Disassembly planning and optimization are becoming increasingly complex due to several factors: first, disassembly is subject to many uncertainties, which makes disassembly planning an adaptive and iterative process. Second, disassembly can be performed using different modes (sequential/parallel, complete/incomplete, destructive/non-destructive, automated/manual). Third, on the one hand, disassembly planning is a data-intensive process, and on the other hand, it must be ensured that disassembly is executed even when data are lacking. Fourth, there are multiple variables to optimize the defined objective function, such as the number of tool and direction changes and disassembly times, which depend on other factors such as the joining methods, the disassembly techniques, and the accessibility of the parts. Finally, disassembly strategies do not only consist of a disassembly sequence but also include other decisions, such as the disassembly depth and circular economy strategies for the different components. These three decisions are considered in our proposed adaptive disassembly planner with an integrated disassembly strategy optimizer.
However, in the context of this paper, we only addressed sequential disassembly, since the aim of our current research is to develop an automated disassembly solution for battery packs down to the module level using a robot arm as a single manipulator. Our proposed disassembly strategy optimization method still needs to be extended to the following aspects: (1) including planning methods for cooperative disassembly, which can be applied by using at least two manipulators in fully automated disassembly solutions or by employing a human–machine collaboration, (2) taking into account the tool and direction changes, as they definitely influence the disassembly time, and (3) integrating adaptive methods for updating the condition and precedence constraints in case of complications during the disassembly process or when destructive disassembly steps are used. Furthermore, the adaptive planner should consider further factors, such as the configuration and the availability of the stations. On the one hand, the stations in a disassembly factory may have to be designed differently to be able to disassemble different battery variants and are therefore not suitable for carrying out all disassembly strategies and, on the other hand, a high-capacity utilization should be achieved. This means that EVBs have to be assigned to stations that cannot perform the best possible disassembly strategy in some cases. However, this measure can significantly improve capacity utilization and consequently contribute to establishing highly automated and flexible disassembly factories in the near future, which will become more and more profitable with increasing return volumes. In the literature, there are no concepts for highly flexible disassembly factories for EVBs. In the following publications, we will present several future layouts for disassembly factories under consideration of the presented building blocks of an automated disassembly station in section 0 and show potential challenges for the adaptive disassembly planner with respect to the proposed layouts.

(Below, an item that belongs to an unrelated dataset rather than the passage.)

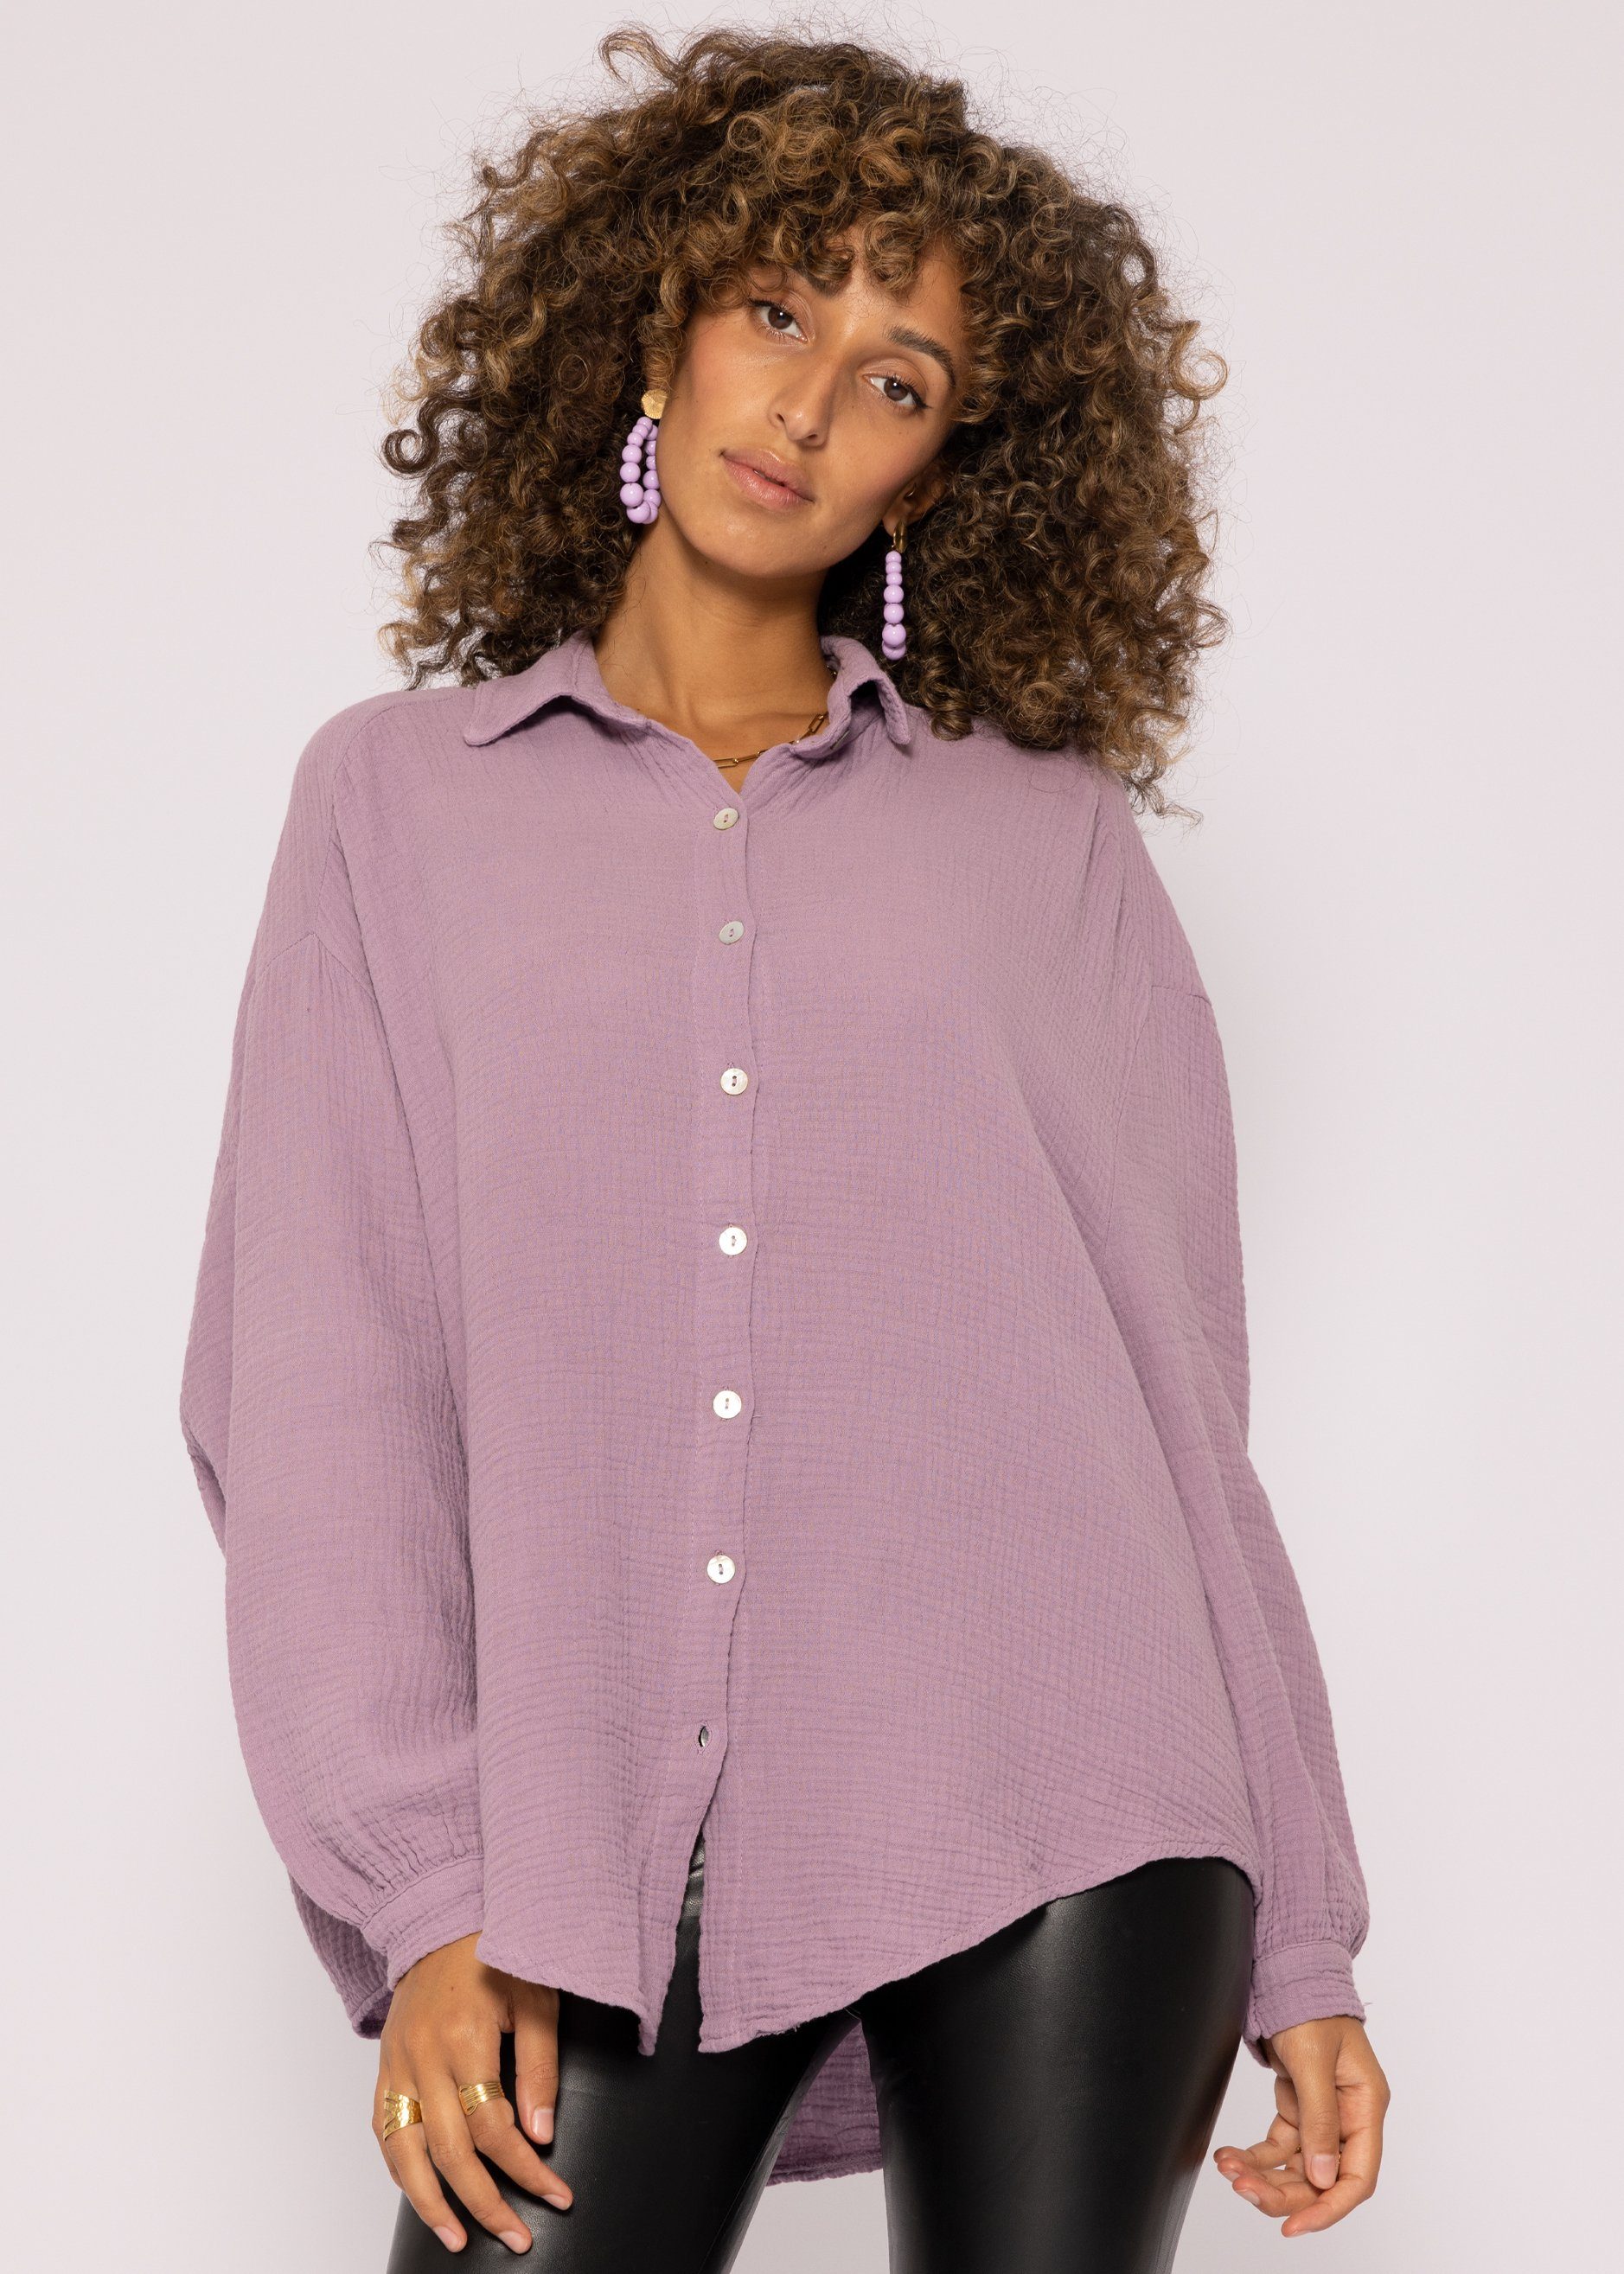 SASSYCLASSY Longbluse Oversize Musselin Bluse Damen Langarm Hemdbluse lang aus Baumwolle mit V-Ausschnitt, One Size (Gr. 36-48) Violett

Lastly, optimization of disassembly strategies, often described as disassembly sequence planning (DSP) in several literature sources, should be addressed in the product design phase. This will clearly contribute to achieving fully automated, cost-effective, and environmentally efficient disassembly for battery systems in the automotive sector. In particular, the modules, as the most valuable components in the battery, should be removable after only a few disassembly steps. This is obviously not the case for the battery considered in this paper.